2) can you give me the output of:
ulimit -Sn
and ulimit -Hn
In the meantime, could you transform your fastqs to bam using https://github.com/grenaud/BCL2BAM2FASTQ and demultiplex on those?
ulimit -Sn
: 65536
and ulimit -HN
65536
can you privately send me a drop box link to your index list and files?
Also, if you want to get ahead, I would simply use my fastq2bam (https://github.com/grenaud/BCL2BAM2FASTQ/tree/master/fastq2bam), demultiplex the bam file and reconvert to fastq (https://github.com/grenaud/BCL2BAM2FASTQ/tree/master/bam2fastq)
I'll figure out how to dropbox you some data by Monday.

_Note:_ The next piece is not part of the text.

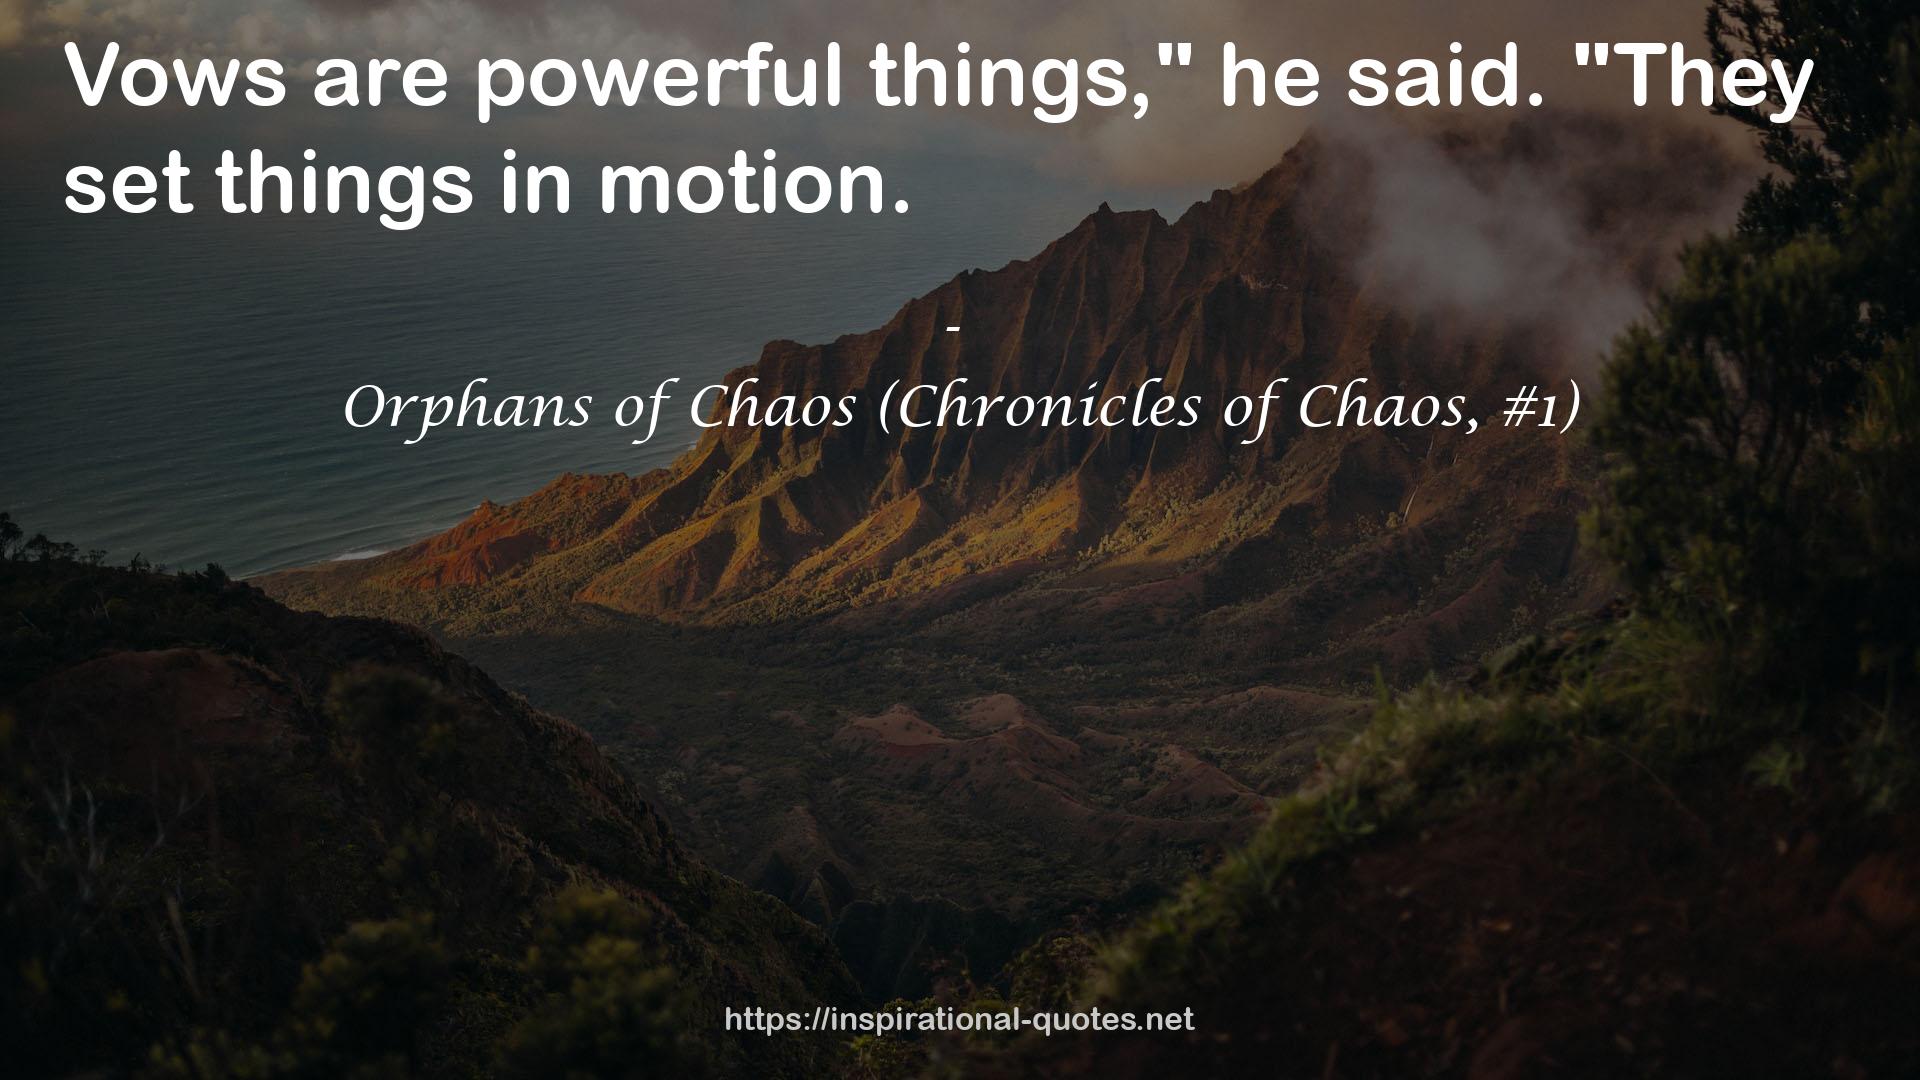 Orphans of Chaos (Chronicles of Chaos, #1) QUOTES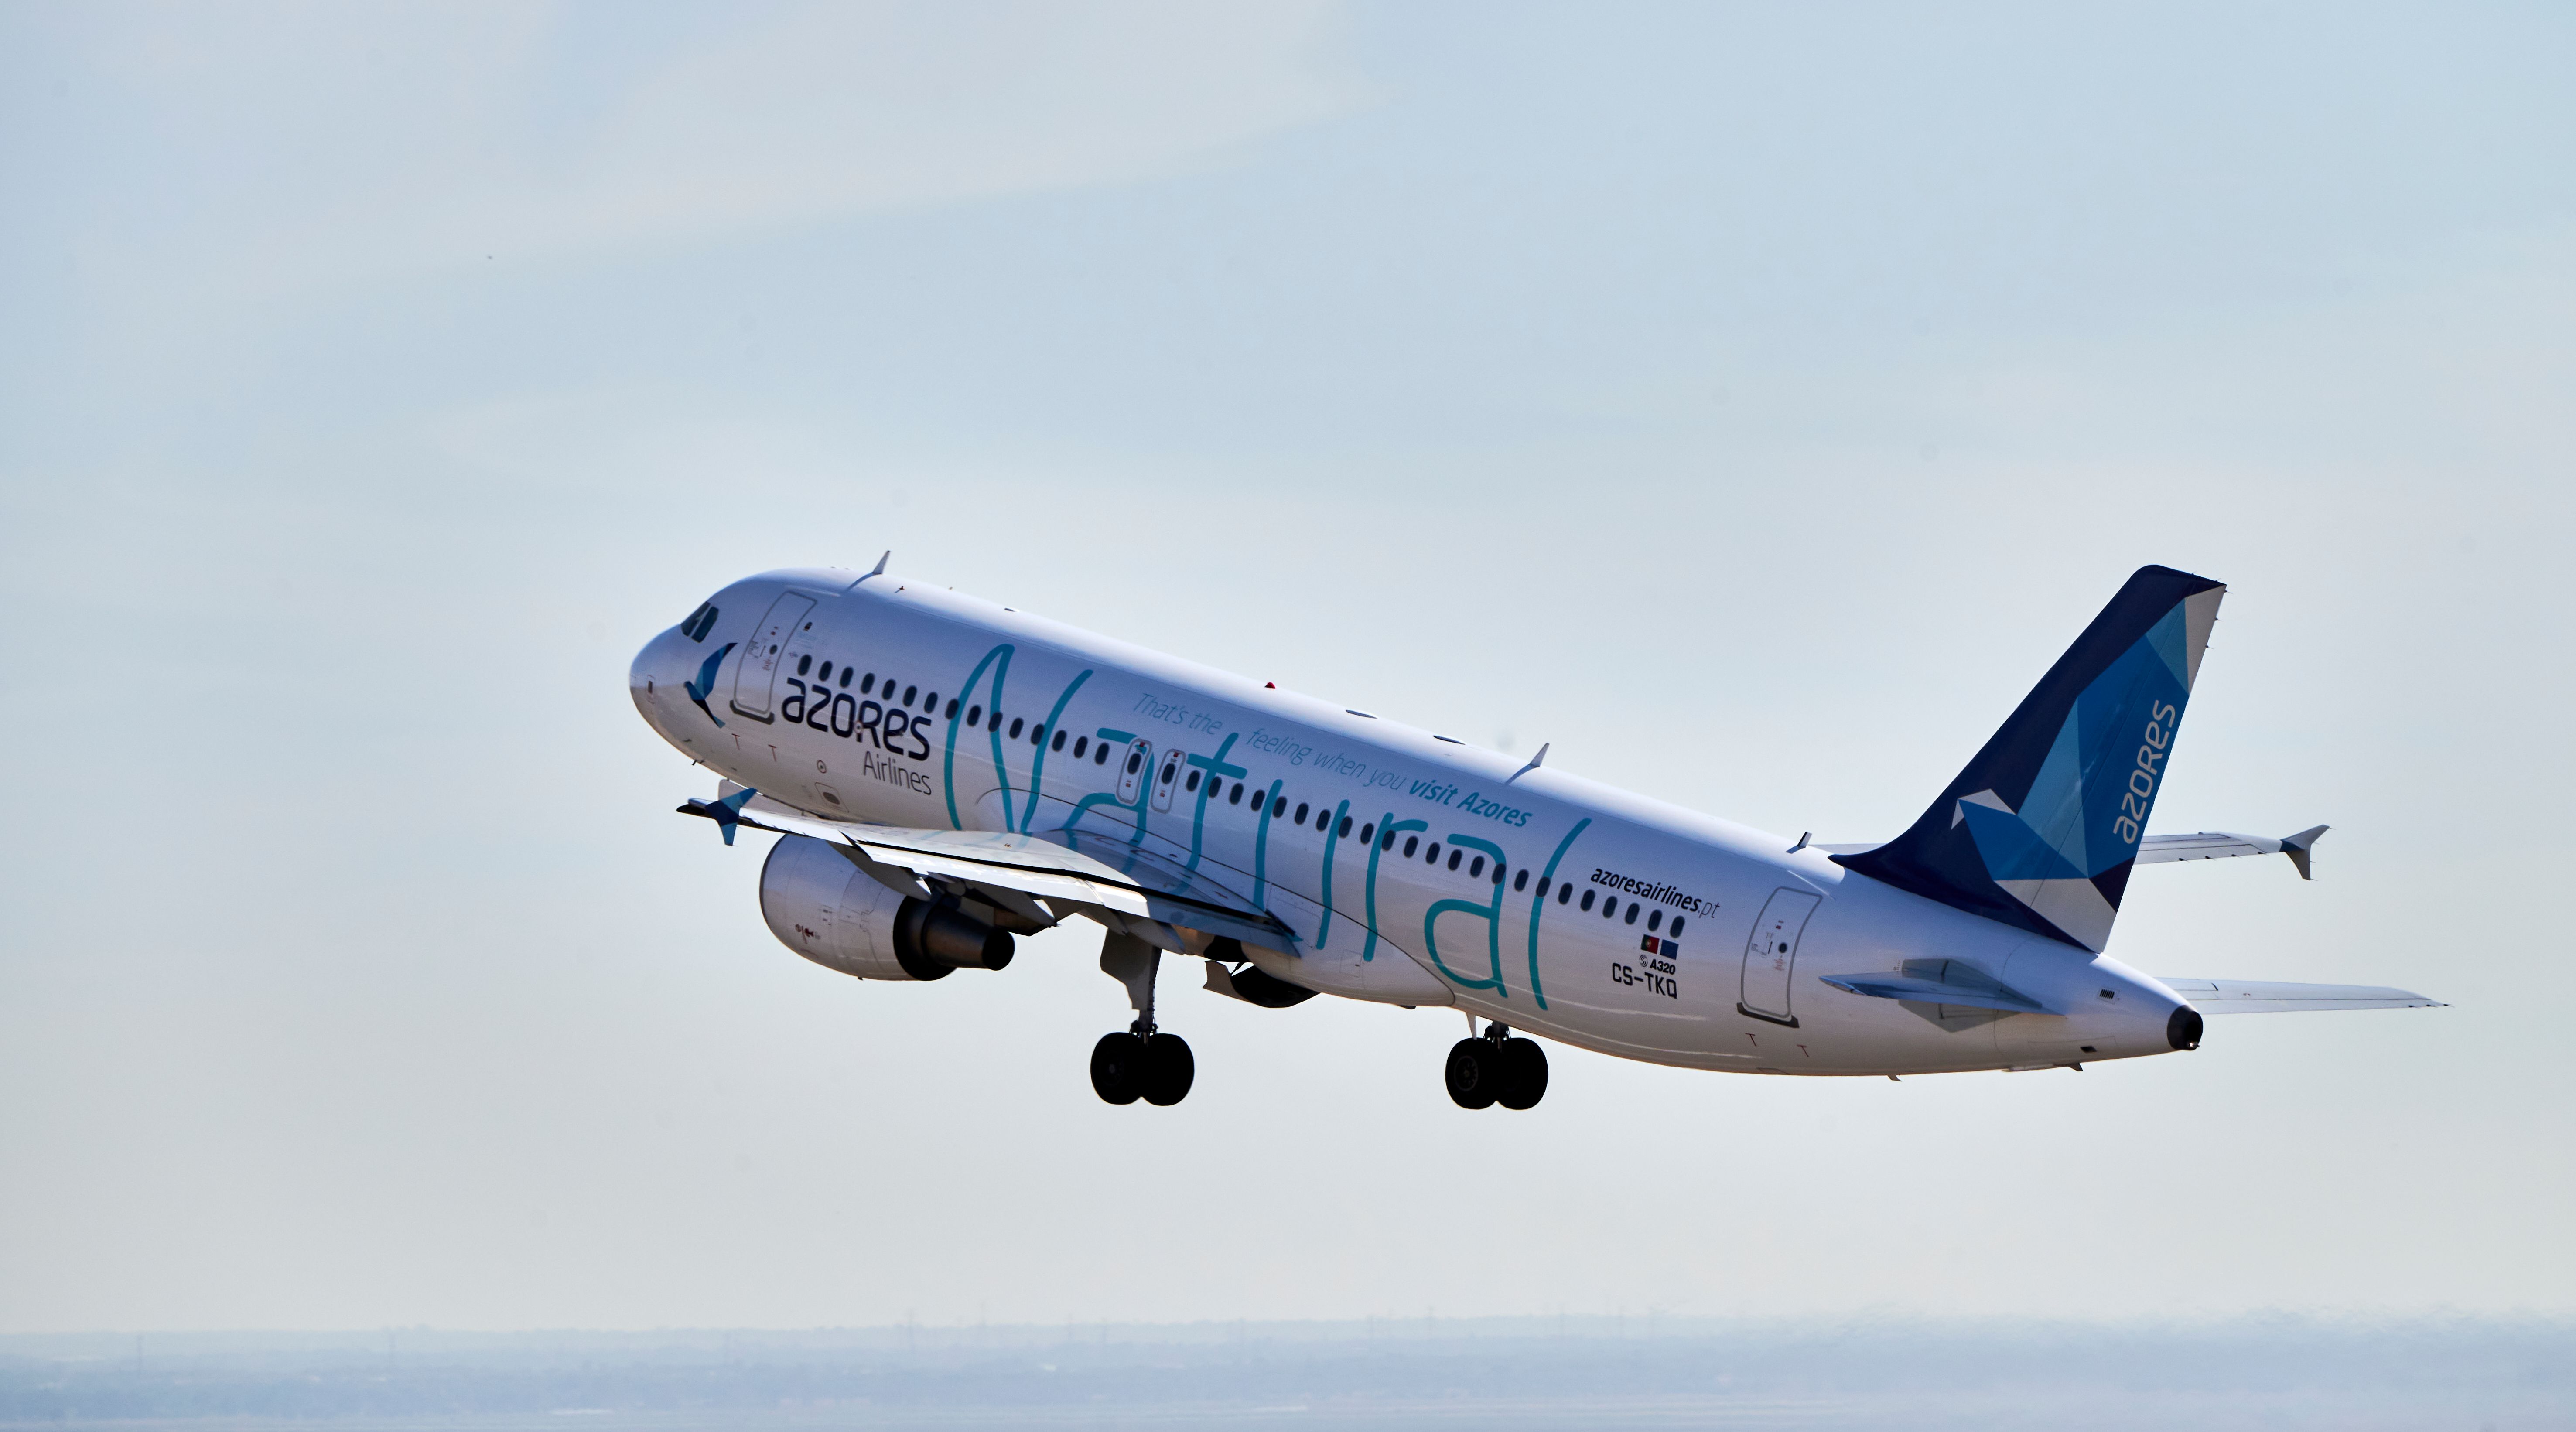 Azores Airlines Airbus A320 in Natural livery during take off

I used your fastq2bam tool to convert to BAM, seemingly without issues. Oddly enough, though, when I run the demultiplex command on the BAM file, it still gives me the same conflict message. Now, the BAM files are getting populated, so I know the script is running, which makes me think that the problem (though similar to the original) is in my index file.
Here's the exact error message:
Conflicts for index1:
TCGCCTTA from N701S501 causes a conflict with N701S502 N701S503 N701S504 N701S505 N701S506 N701S507 N701S508 N701S509 N701S510 N701S511 N701S512 N701S513 N701S514 N701S515 N701S516 N701S517 N701S518 N701S519 N701S520 N701S521 N701S522 N701S523 N701S524 N701S525 N701S526 N701S527 N701S528 N701S529 N701S530 N701S531 N701S532 N701S533 N701S534 N701S535 N701S536
...{many many lines later}...
Conflicts for index2:
AGTTAACA from N724S536 causes a conflict with N701S536 N702S536 N703S536 N704S536 N705S536 N706S536 N707S536 N708S536 N709S536 N710S536 N711S536 N712S536 N713S536 N714S536 N715S536 N716S536 N717S536 N718S536 N719S536 N720S536 N721S536 N722S536 N723S536
Sorry for all the hassle!
Those are not error messages but simply warnings. It means that TCGCCTTA was used by several reads groups. But I guess that is bound to happen if you have more than 200 read groups.
Let me know for the fastqs, I find it odd that with such a high limit, you get this error message.
Ah, that's good. deML seems to be running just fine on BAM. Seems like for large file numbers, maybe that will just be my default.
On Mac, seems to have compiled correctly. But get error on the test data, I don't think it is permissions issue.